There are times I wish I’d listened to my own advice. There are times too when I wish I’d listened to my conscience. Days when I regret not listening to either are usually the worst.

The morning after I’d broken into Bruno’s apartment, I woke with a hangover and a head full of regrets. I also cursed the time on my alarm clock because I’d forgotten to set the alarm before falling asleep and I’d have to hurry if I was going to make my meeting with Pierre, my fence. Stumbling towards the handful of cramped units that formed the excuse for a kitchen in my apartment, I dropped two soluble tablets into a glass of tap water and necked the fizzing sludge. The bubbles seemed to percolate in my brain, as if trying to jump-start my grey cells. I wished they’d hurry up and do something about the dull, mushy ache around my forehead and the queasy, hollow sensation in my stomach. Sure, I know I hadn’t drunk that much wine but the truth is I’d been drinking on an empty stomach, a stomach that had stayed that way before I fell asleep and, hell, sometimes there’s no logic to hangovers anyway.

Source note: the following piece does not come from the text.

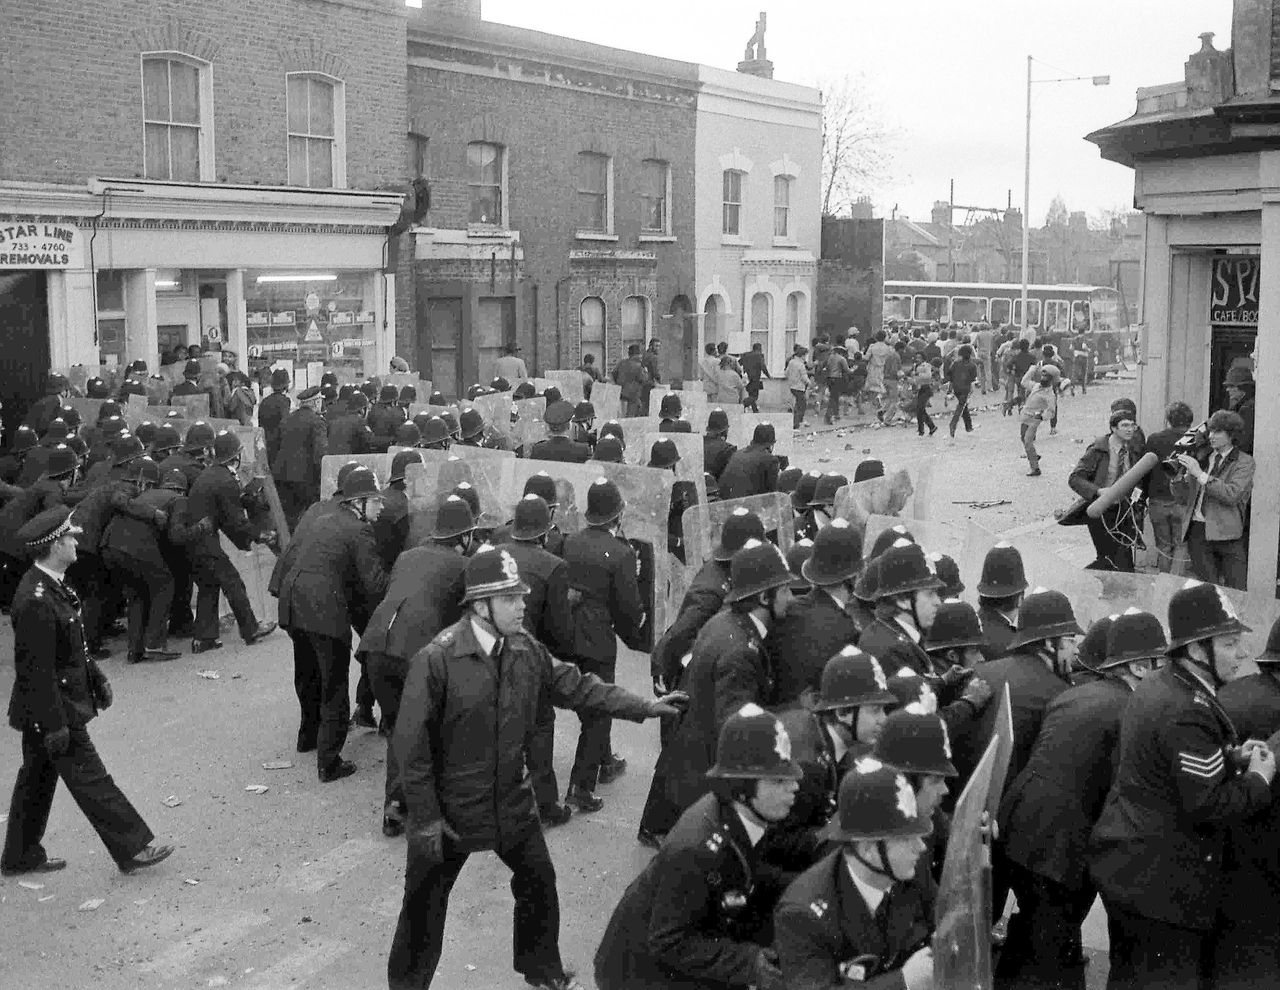 A riot in Brixton on April 12, 1981

I groaned and circled my fingers at my temple, then looked at the stale baguette on my kitchen counter and pushed any thoughts of eating it to one side. I moved into the bathroom, twisted the hot tap on the shower and stepped beneath the steamy jet. No matter how hard I scrubbed, though, or how much menthol shampoo I applied to my scalp, I couldn’t rid myself of the feeling that I was thinking and moving at something like half my normal speed. And I couldn’t shed the concerns that were niggling away at me about Bruno, either.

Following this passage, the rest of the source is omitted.